### Exercise objective
Output each record below exactly, leaving any picture out of the copy.

### Supplied material
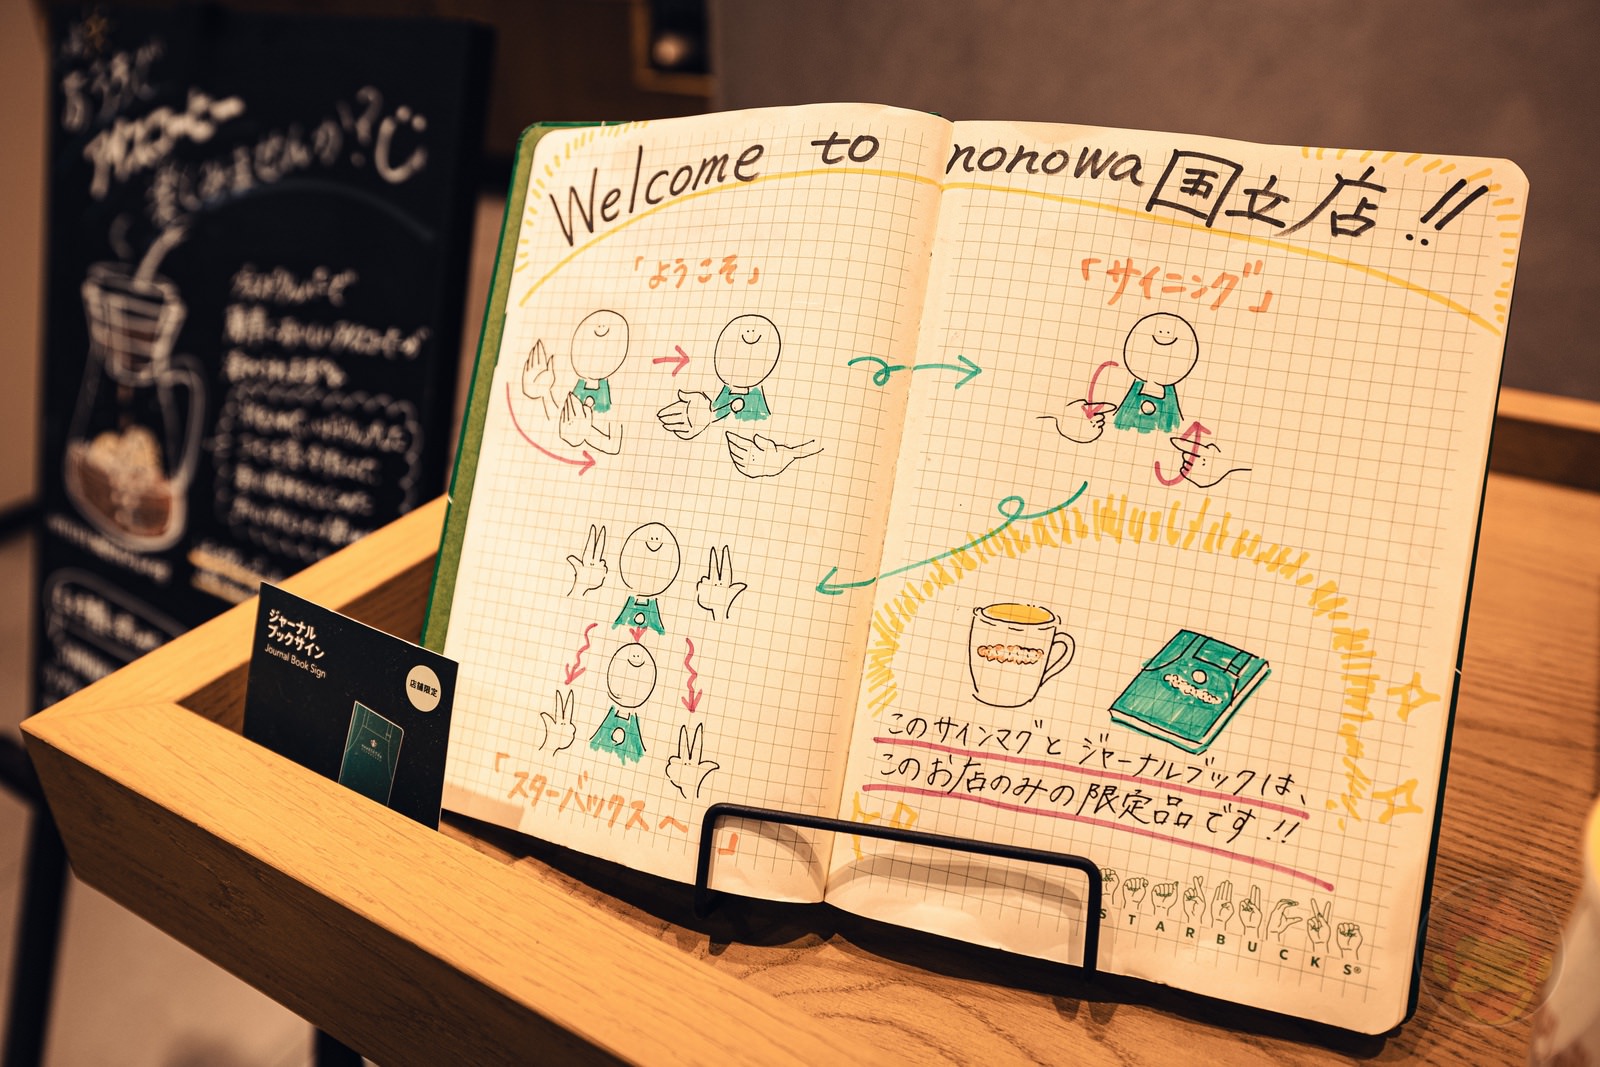 Sign-Language-Starbucks-in-japan-10.jpg
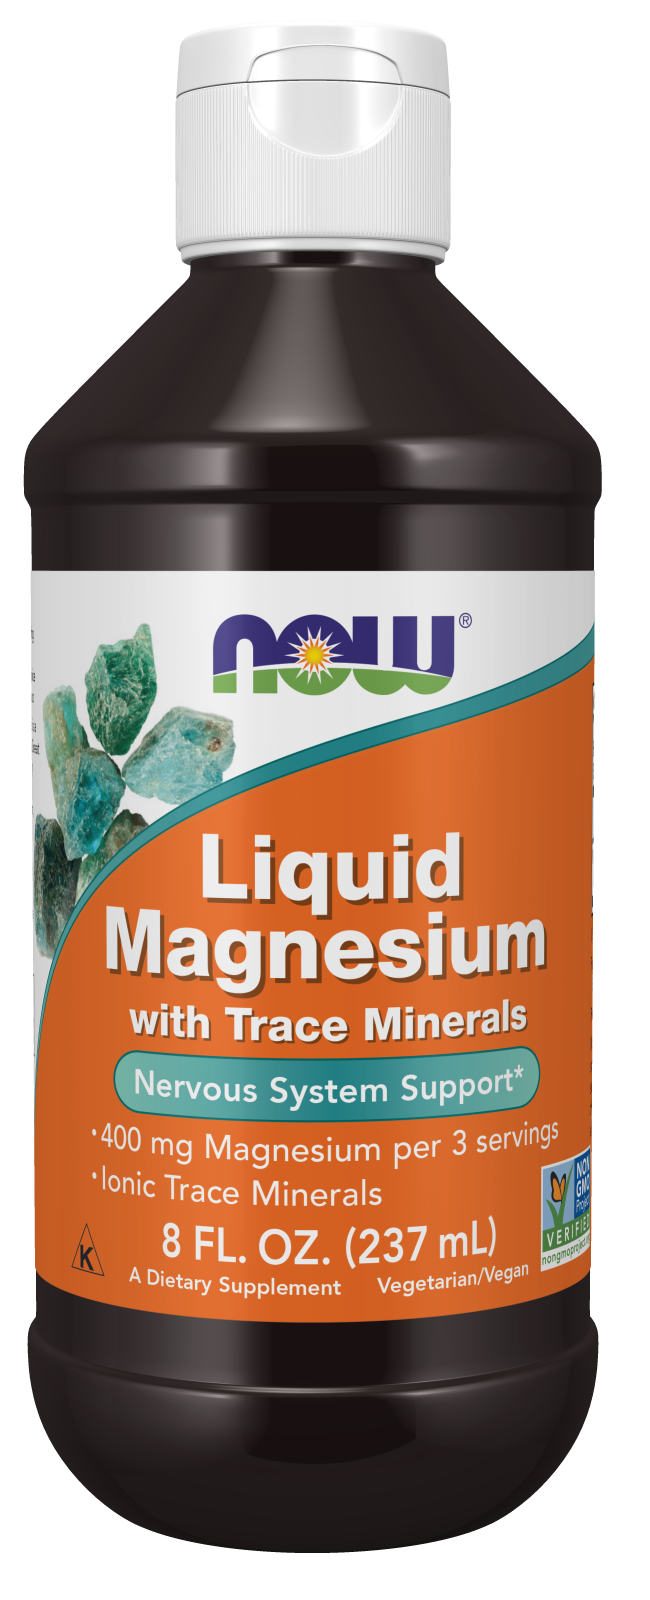 Liquid Magnesium - 8 fl. oz. Bottle Front
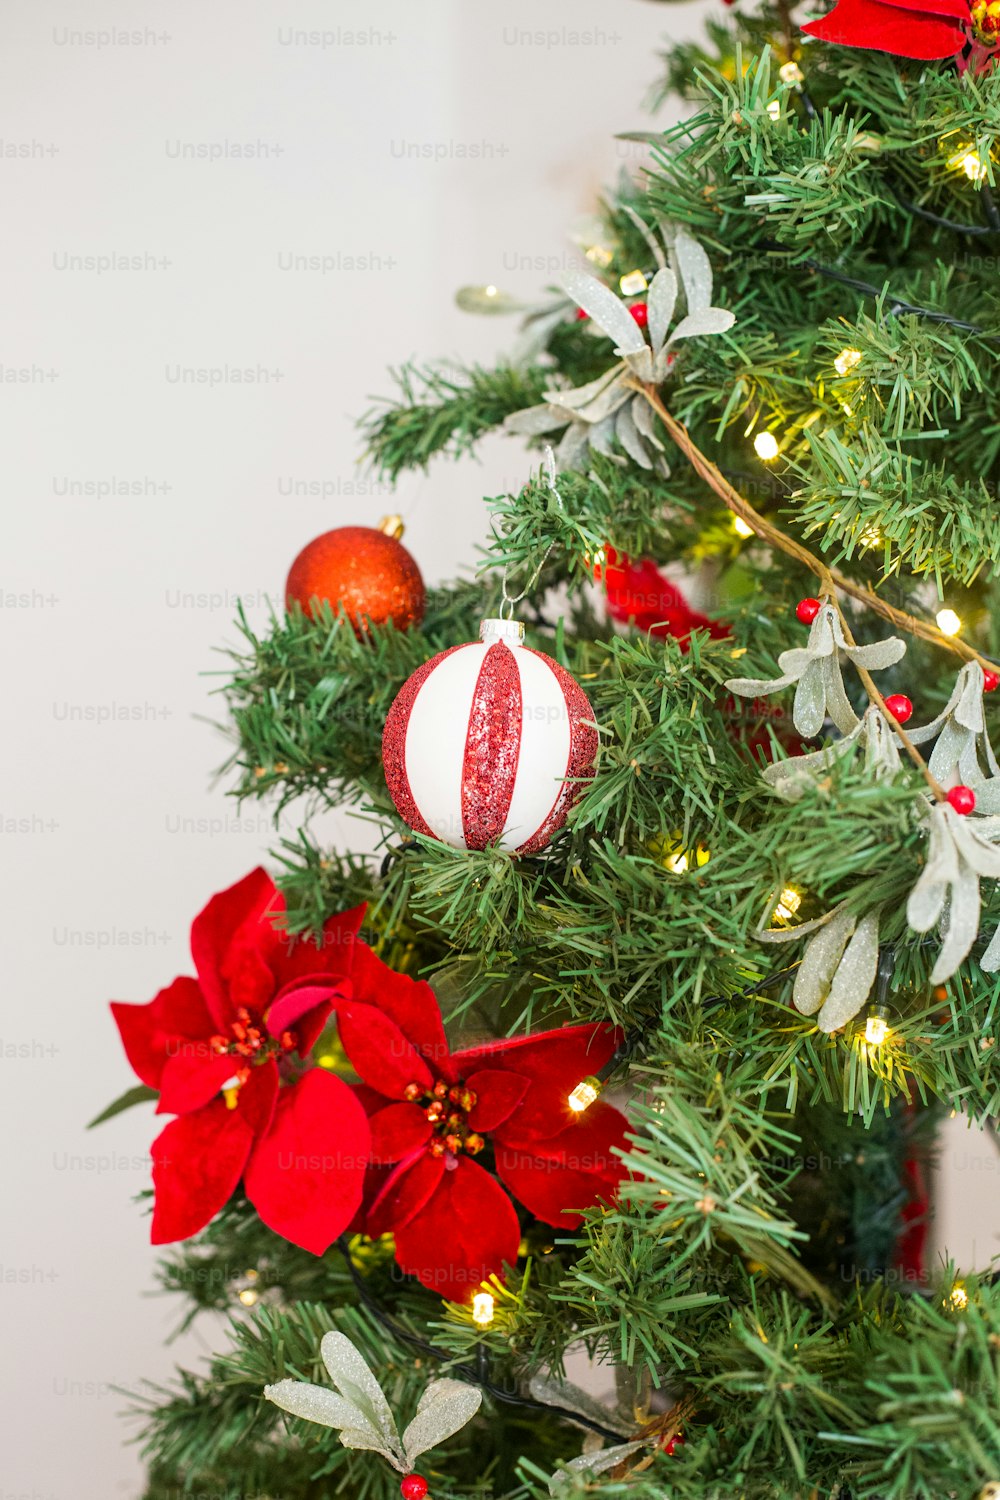 Uma árvore de Natal decorada com ornamentos vermelhos e brancos
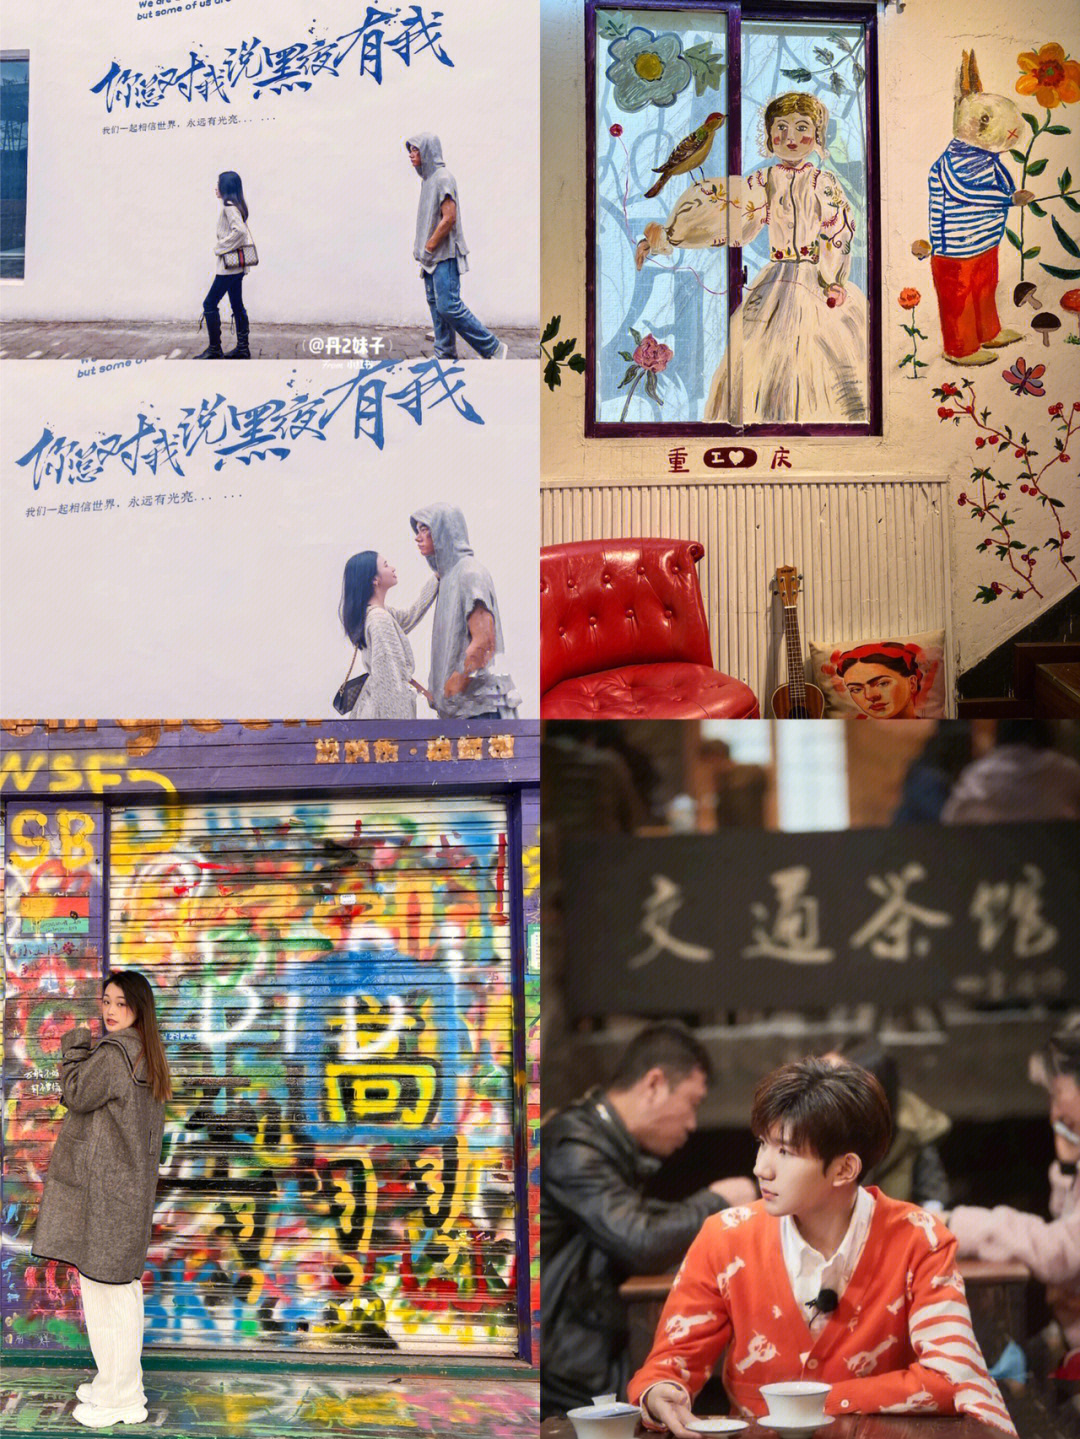 重庆旅游整条涂鸦街跟着王源肖战打卡
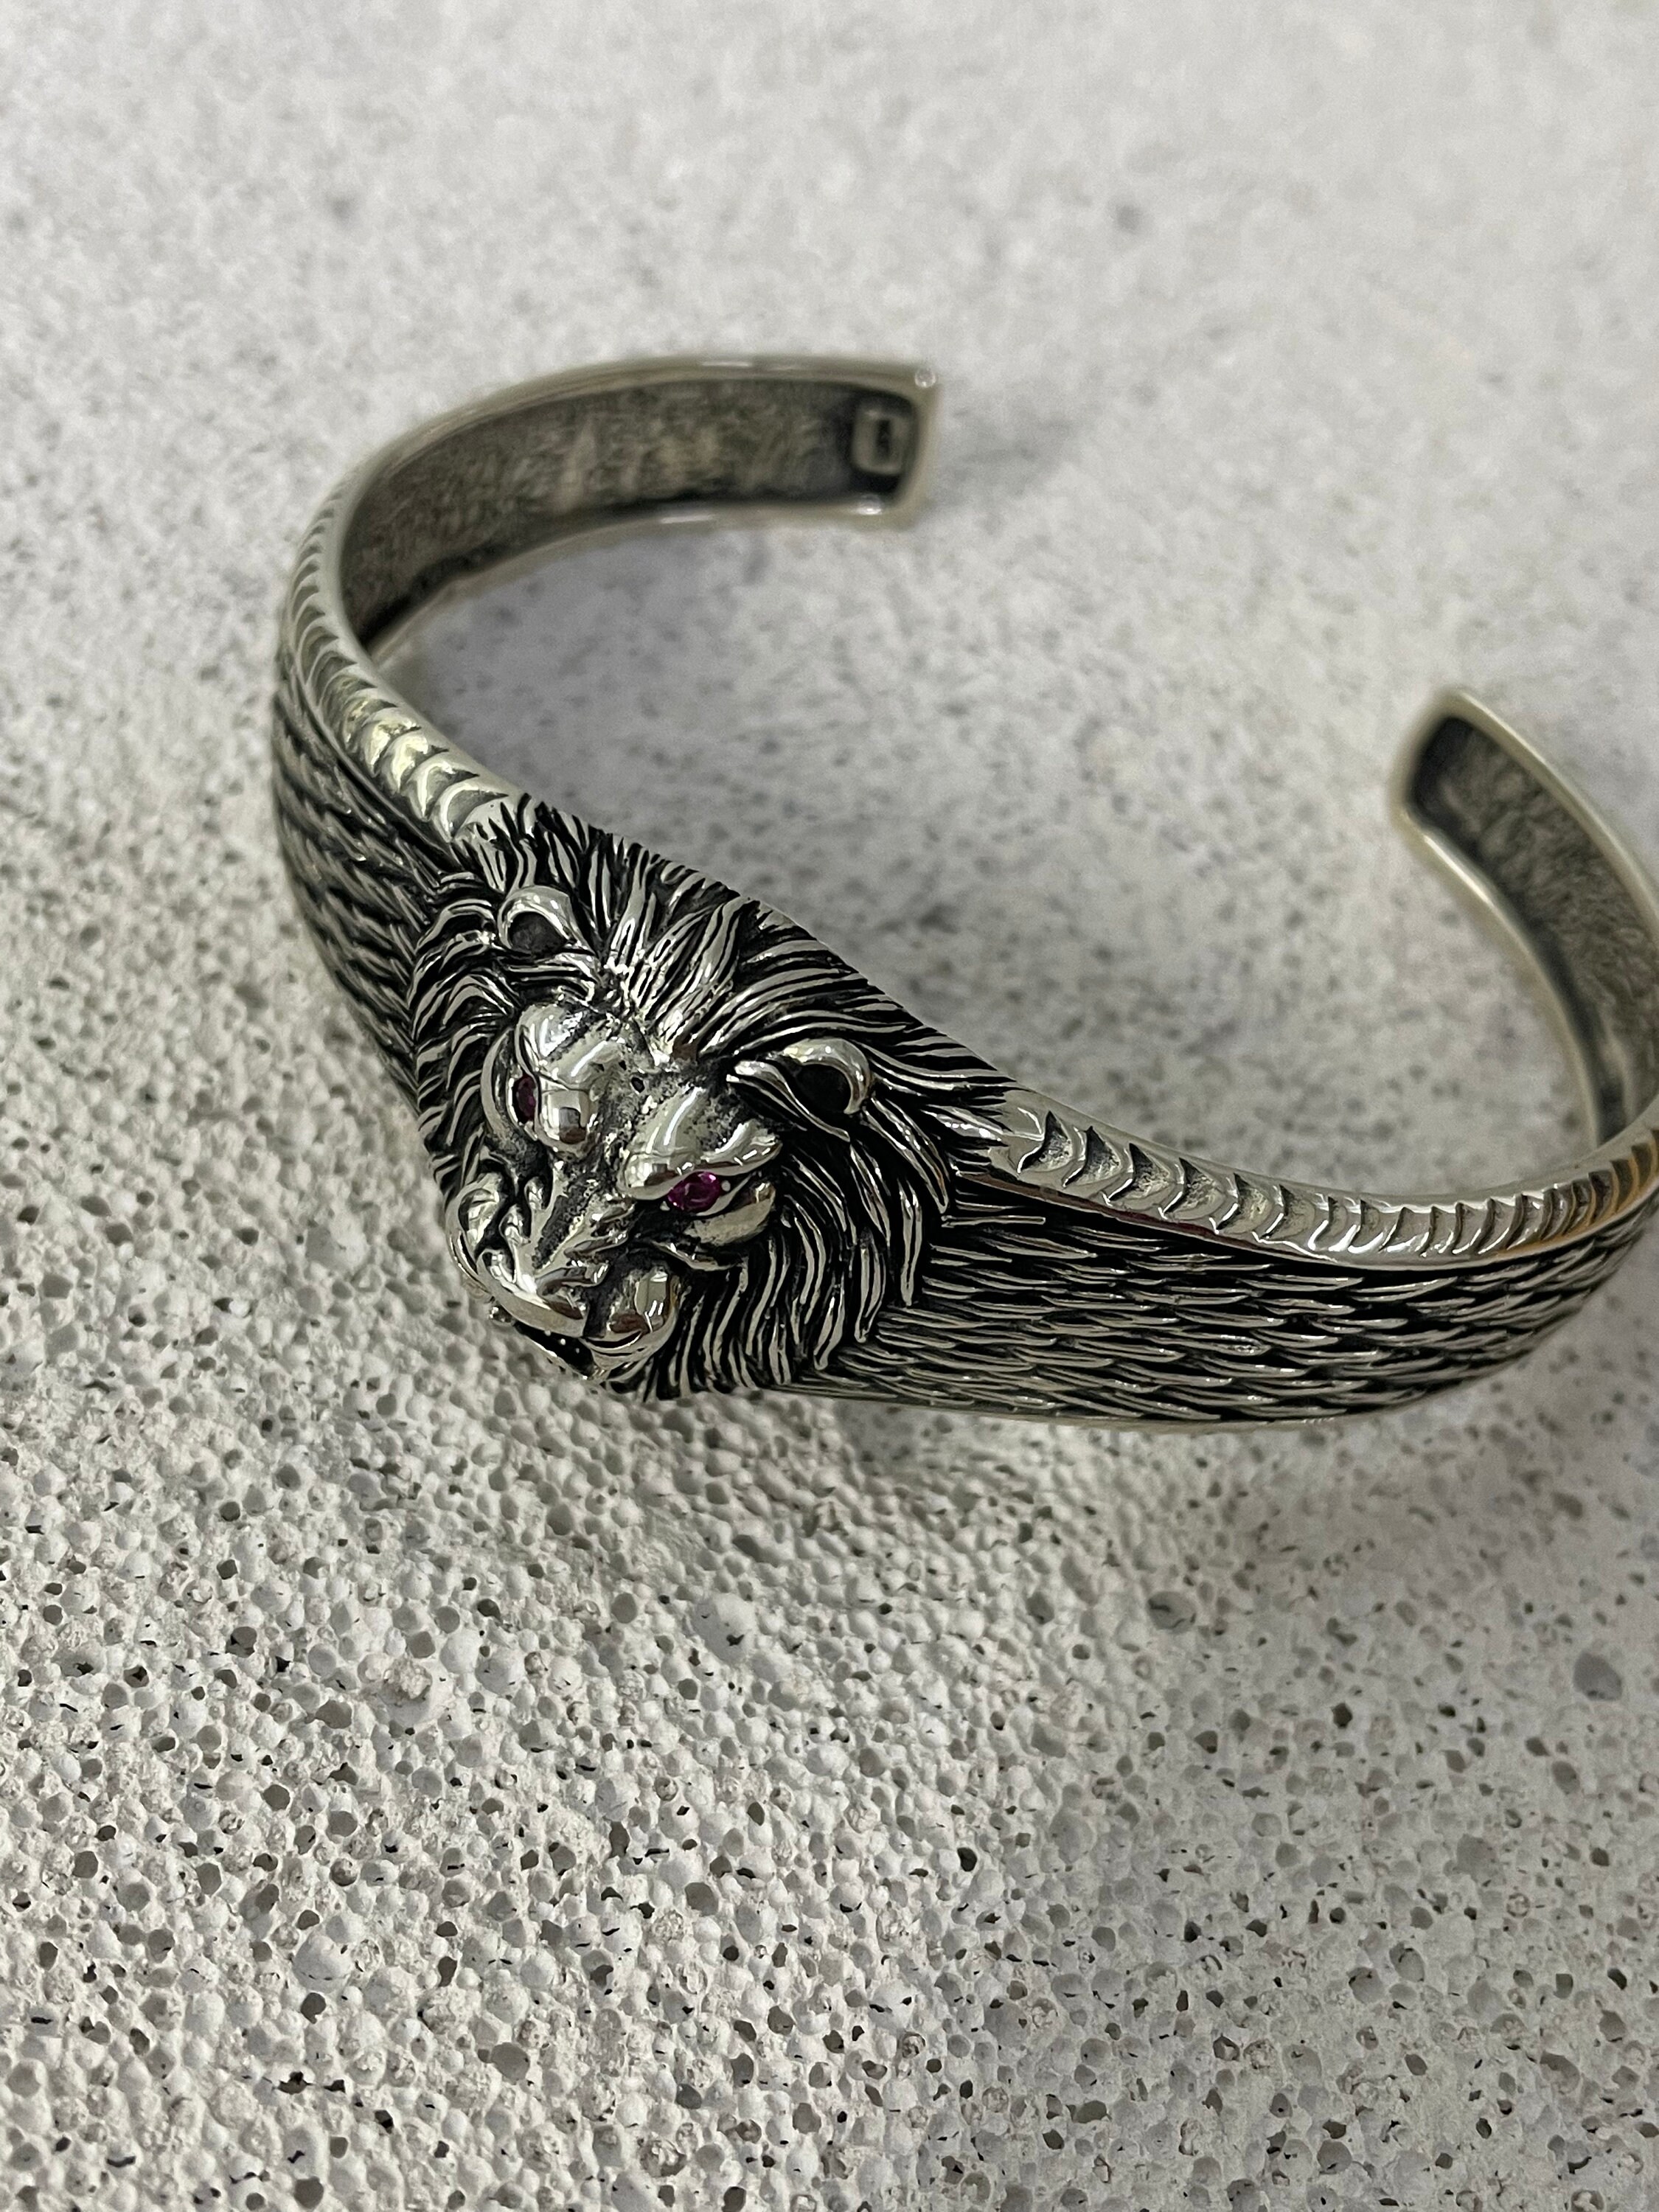 Lion Bracelet in Sterling Silver 925. - Etsy Norway

### Response to the exercise
 Sign-Language-Starbucks-in-japan-10.jpg
 Liquid Magnesium - 8 fl. oz. Bottle Front
 Uma árvore de Natal decorada com ornamentos vermelhos e brancos
 重庆旅游整条涂鸦街跟着王源肖战打卡
 Lion Bracelet in Sterling Silver 925. - Etsy Norway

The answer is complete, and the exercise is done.